物語文の教材研究 「サーカスのライオン」(東書3年)
藤 井 隆 一

1、物語文を読む
 物語文の誤読例として、「ごんぎつね」で、「ごんは、始めから良いきつねだった」とか、「ニャーゴ」では、「ねこは、始めから良いネコだった」などがある。これらは、どれも、物語文の設定部分の人物の心情が読み取れていない。
 物語文を読む時の視点として、「時」「場所」「登場人物」「出来事と心の動き」を捉える事が大切である。
 「登場人物」と「出来事と心の動き」を捉えるためには、登場人物相互の人間関係、心情とその動き、出来事が心情にどのような影響を与えたかの視点で読むことが大切である。

2、気持ちを表す文の読み取り方を指導する
 「サーカスのライオン」の登場人物は、ライオンのじんざと男の子。そして、ライオン使いのおじさん、サーカスのおしまいの日のお客である。中心人物はじんざである。
じんざの気持ちを読み取ることが主な学習活動では、まず、場面を確かにする必要がある。
 気持ちの読み取り方は、1年生から行っているが、3年生では、気持ちを表す文を見つけることが大事である。

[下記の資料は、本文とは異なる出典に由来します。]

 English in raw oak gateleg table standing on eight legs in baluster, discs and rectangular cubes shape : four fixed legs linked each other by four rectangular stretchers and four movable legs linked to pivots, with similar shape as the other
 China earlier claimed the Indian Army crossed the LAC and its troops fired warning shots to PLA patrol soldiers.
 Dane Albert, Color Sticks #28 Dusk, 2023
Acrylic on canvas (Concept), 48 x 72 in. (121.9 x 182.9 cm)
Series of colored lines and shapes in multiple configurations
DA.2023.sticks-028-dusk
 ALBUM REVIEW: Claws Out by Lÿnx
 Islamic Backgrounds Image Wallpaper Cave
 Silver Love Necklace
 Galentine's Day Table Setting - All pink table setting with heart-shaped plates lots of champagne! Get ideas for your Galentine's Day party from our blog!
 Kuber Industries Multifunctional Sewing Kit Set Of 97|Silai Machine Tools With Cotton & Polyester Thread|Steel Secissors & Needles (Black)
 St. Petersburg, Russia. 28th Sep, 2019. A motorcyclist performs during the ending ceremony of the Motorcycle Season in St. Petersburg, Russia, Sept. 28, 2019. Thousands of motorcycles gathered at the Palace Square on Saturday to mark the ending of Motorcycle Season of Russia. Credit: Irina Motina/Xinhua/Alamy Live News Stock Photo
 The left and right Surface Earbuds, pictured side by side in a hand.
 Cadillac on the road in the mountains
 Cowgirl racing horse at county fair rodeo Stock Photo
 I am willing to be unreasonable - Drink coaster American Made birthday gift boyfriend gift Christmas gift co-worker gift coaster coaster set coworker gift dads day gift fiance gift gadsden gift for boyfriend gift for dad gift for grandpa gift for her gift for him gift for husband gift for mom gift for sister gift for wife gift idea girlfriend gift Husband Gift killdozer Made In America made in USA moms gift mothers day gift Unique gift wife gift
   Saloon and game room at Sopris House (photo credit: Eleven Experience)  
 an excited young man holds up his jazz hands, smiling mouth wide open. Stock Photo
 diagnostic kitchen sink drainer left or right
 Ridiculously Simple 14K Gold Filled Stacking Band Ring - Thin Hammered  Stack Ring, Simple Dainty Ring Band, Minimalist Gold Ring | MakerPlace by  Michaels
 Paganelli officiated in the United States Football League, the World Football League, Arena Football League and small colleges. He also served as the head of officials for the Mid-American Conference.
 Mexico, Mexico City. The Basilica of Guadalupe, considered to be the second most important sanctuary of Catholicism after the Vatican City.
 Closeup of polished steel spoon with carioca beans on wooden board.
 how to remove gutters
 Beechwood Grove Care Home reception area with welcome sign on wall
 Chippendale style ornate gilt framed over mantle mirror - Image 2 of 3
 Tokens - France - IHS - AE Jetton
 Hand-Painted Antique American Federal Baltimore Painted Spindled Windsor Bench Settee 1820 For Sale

 そのために、まず、じんざが主語になっている文を見つける学習に慣れさせる。
 次に、会話文や述語から気持ちを表す言葉を見つけさせる。
 会話文に直接気持ちが表れている文がある。「外はいいなあ。星がちくちくゆれて、北風にふきとびそうだなあ。」
 述語に気持ちが表れている文もある。「じんざは、ぐぐっとむねのあたりがあつくなった。」
 述語の前の言葉に気持ちが表れている文もある。「ライオンのじんざはうきうきして外へ出た。」
 行動で気持ちが理解できる文もある。「じんざは、もうねむらないでまっていた。」「うとうとしていたじんざははね起きた。」
 一文でなく、複数の文から気持ちが理解できる文もある。会話文では、「たいくつかね。…」「そうともさ、毎日同じことばかりやっているうちに、わしはおいぼれたよ」。
 地の文では、石がきの上のまどから首を出したじんざは、思わず身ぶるいした。高いので、さすがのライオンもとび下りることはできない。
 これらは、言葉を示して気持ちを考える学習より、意欲が湧くであろう。